▶ **Work task**
Pictures stay out of the copy; set down each line of the listing below exactly.

▶ **Data section**
◆ ◆ ◆ ◆ ◆

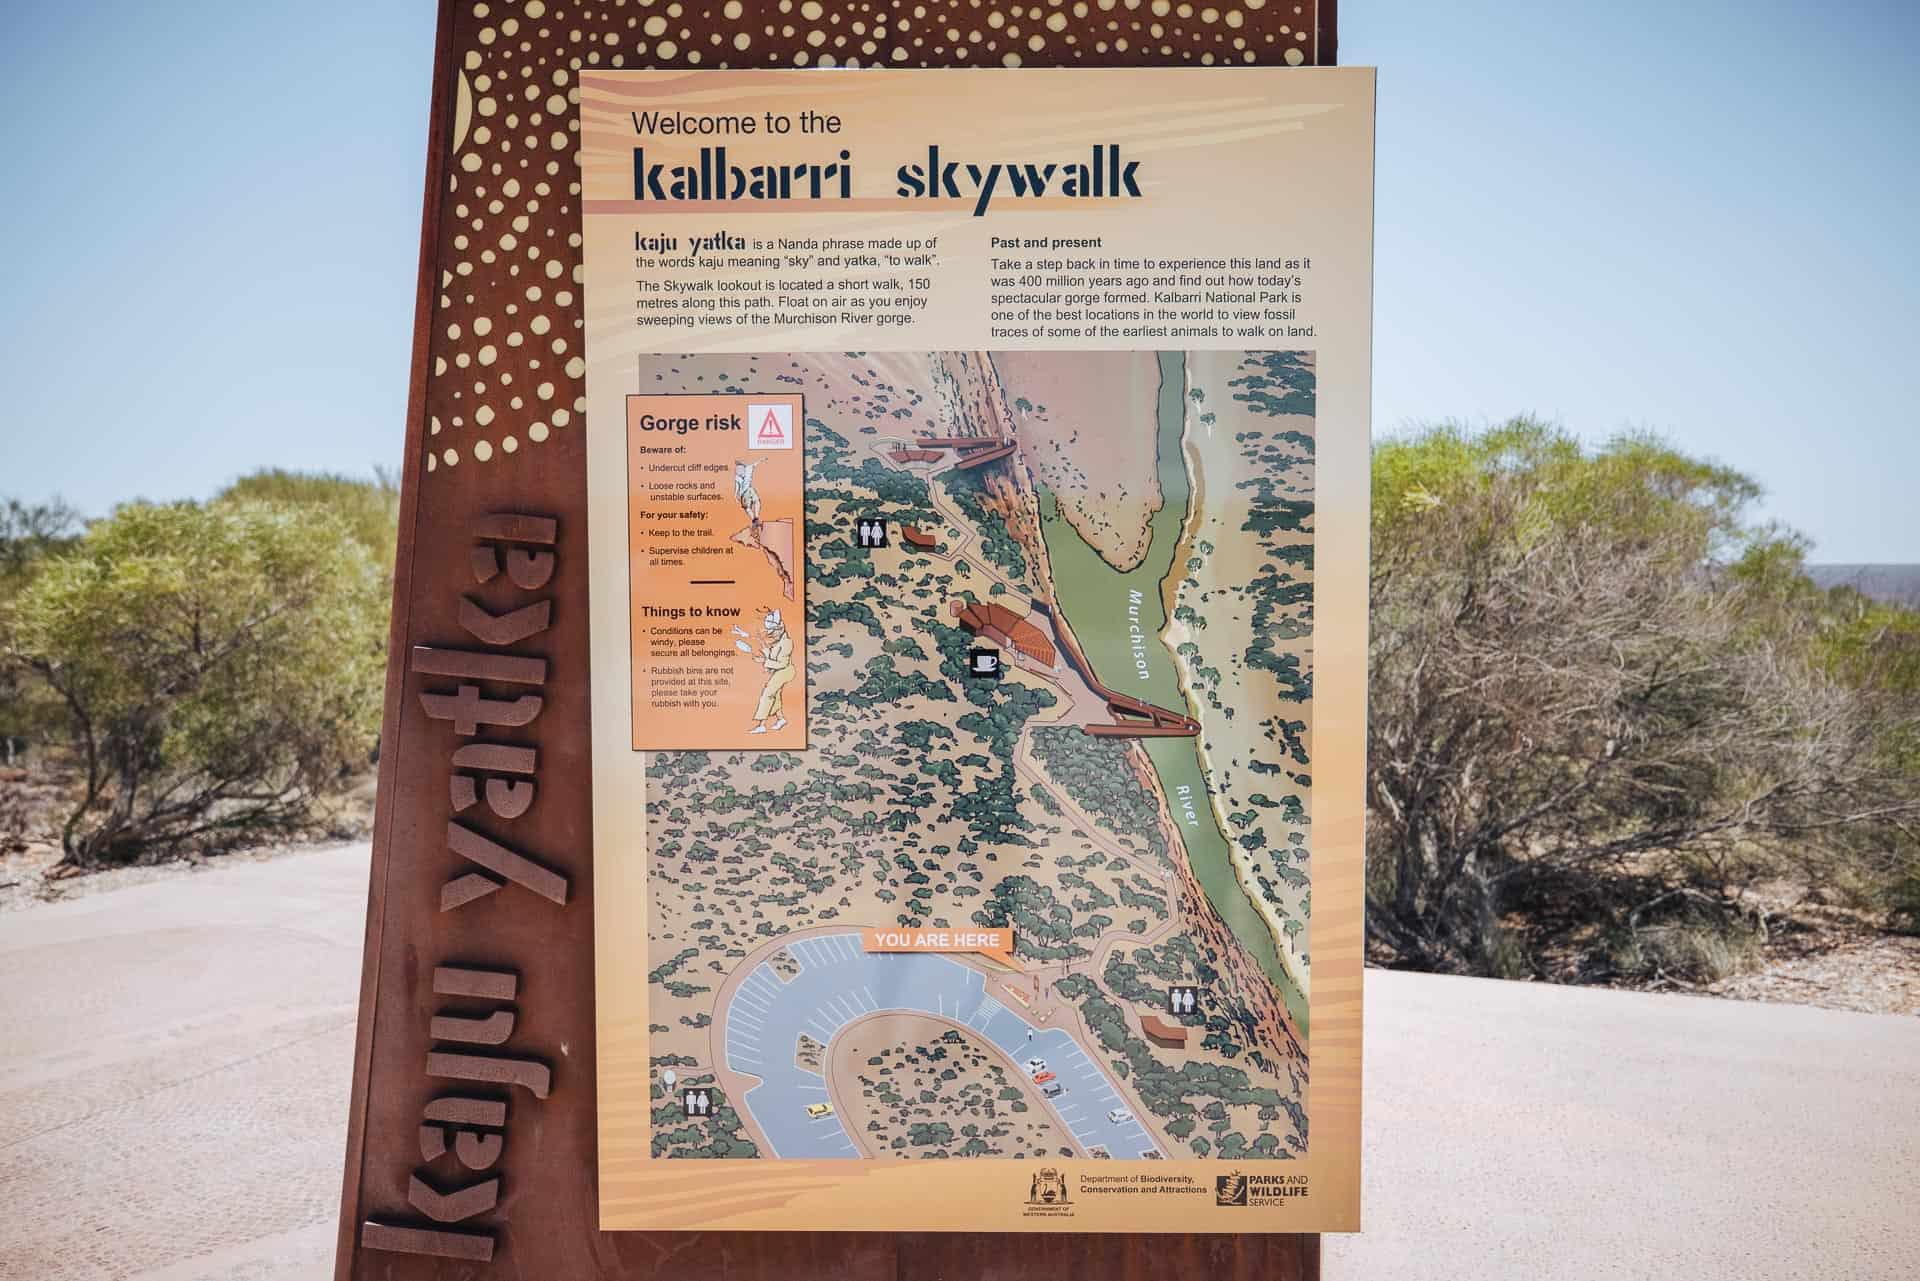 kalbarri skywalk, skywalk kalbarri, kalbarri national park
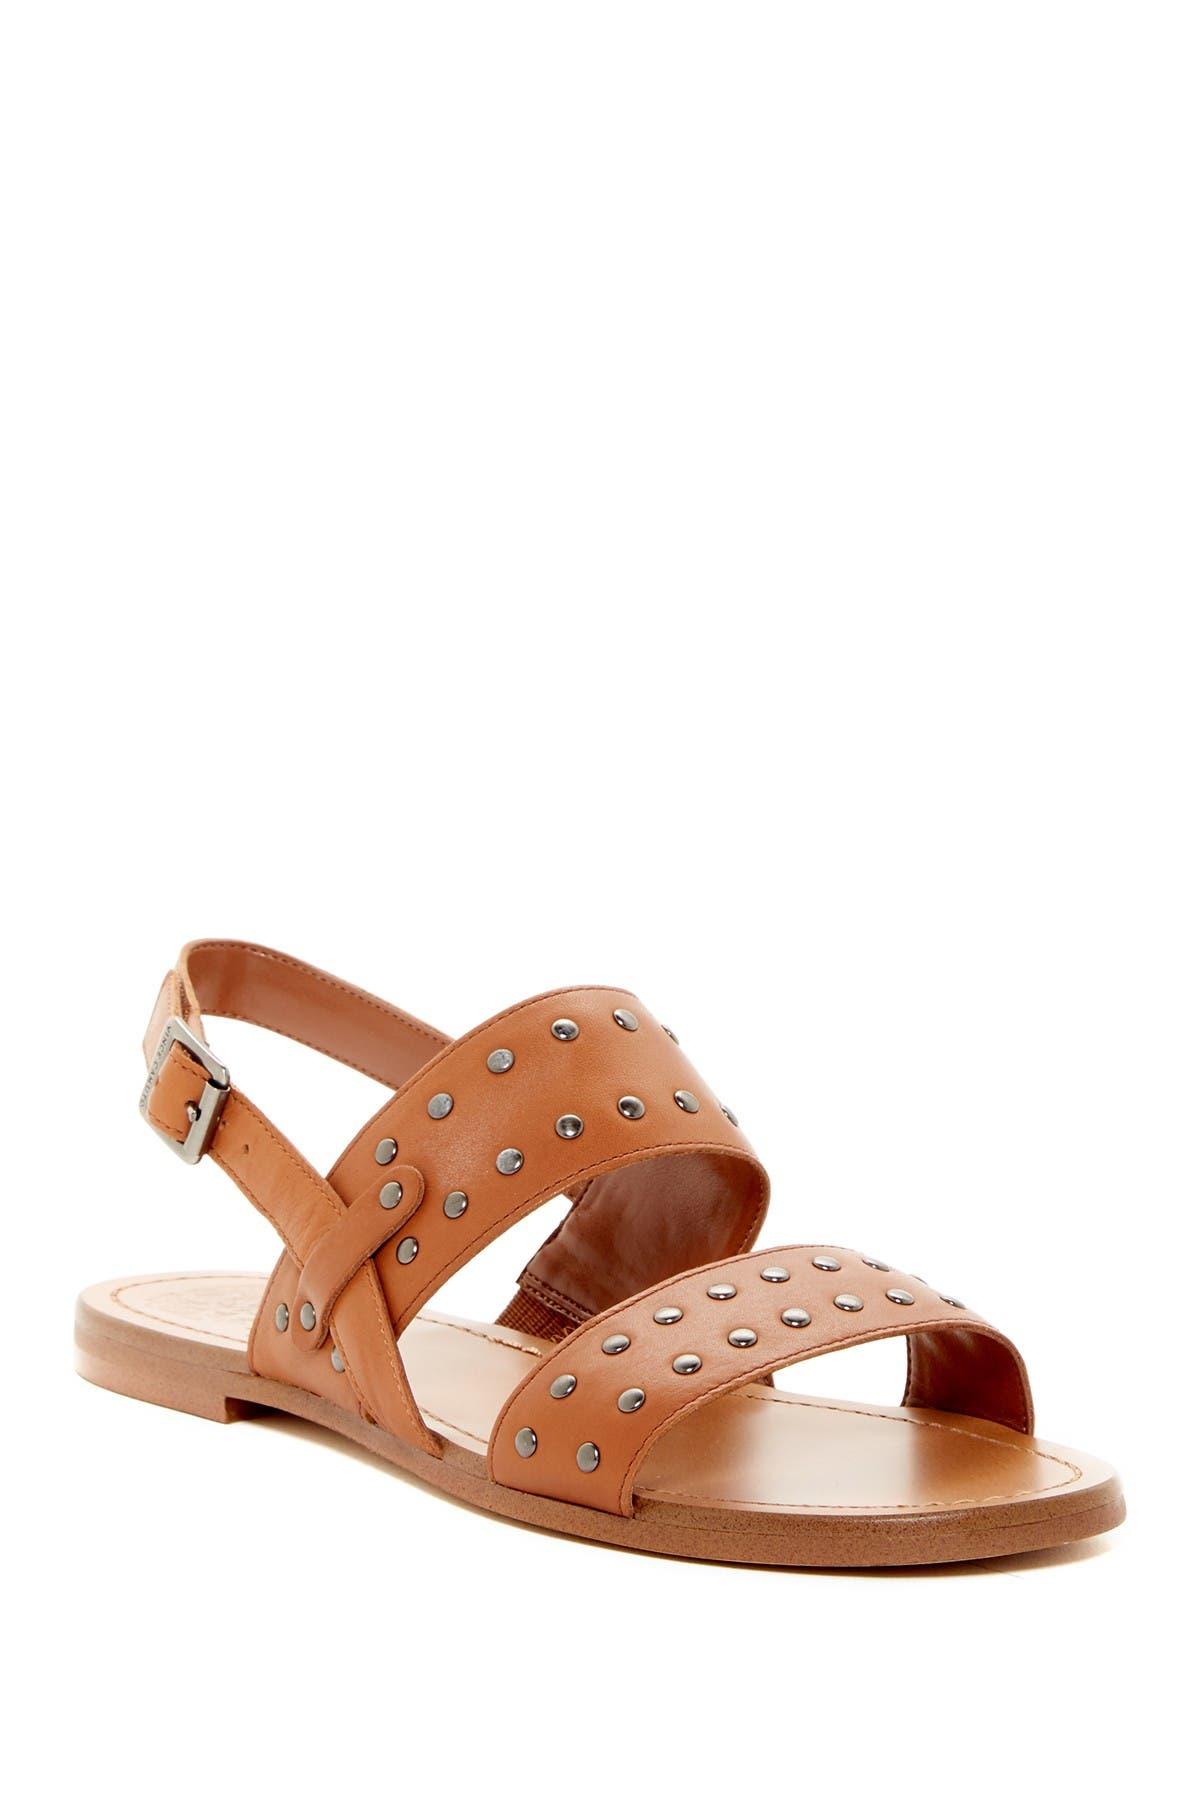 Image of Vince Camuto Rickita Studded Leather Sandal
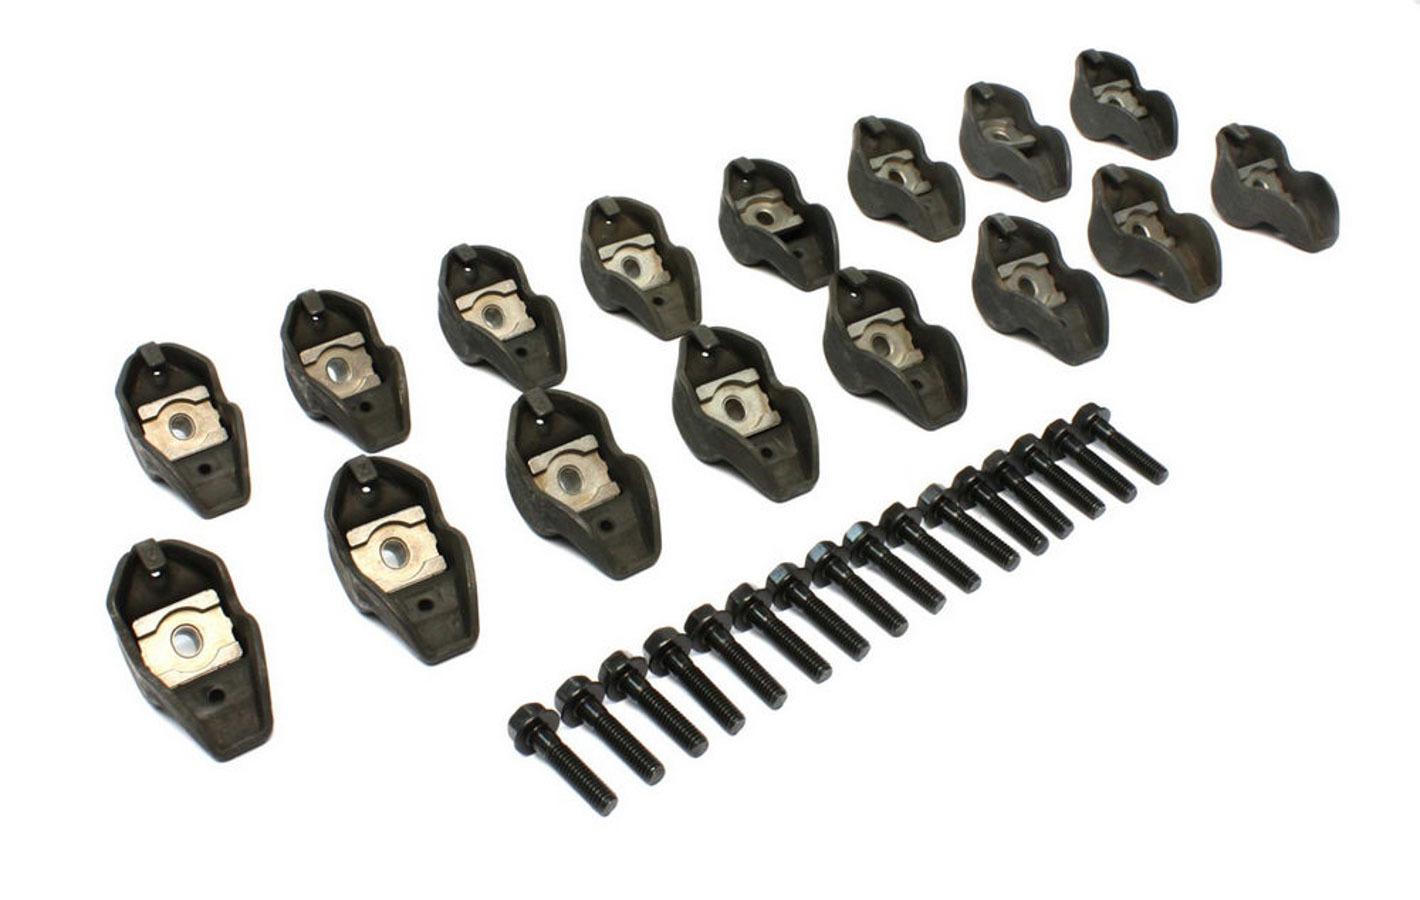 Comp Cams 1232-16 Rocker Arm, High Energy, Pedestal Mount, 1.73 Ratio, OEM / Long Slot, Steel, Big Block Ford / Cleveland / Modified, Set of 16

◆ ◆ ◆ ◆ ◆

▶ **Response to this exercise**
 kalbarri skywalk, skywalk kalbarri, kalbarri national park
 Image of Vince Camuto Rickita Studded Leather Sandal
 Comp Cams 1232-16 Rocker Arm, High Energy, Pedestal Mount, 1.73 Ratio, OEM / Long Slot, Steel, Big Block Ford / Cleveland / Modified, Set of 16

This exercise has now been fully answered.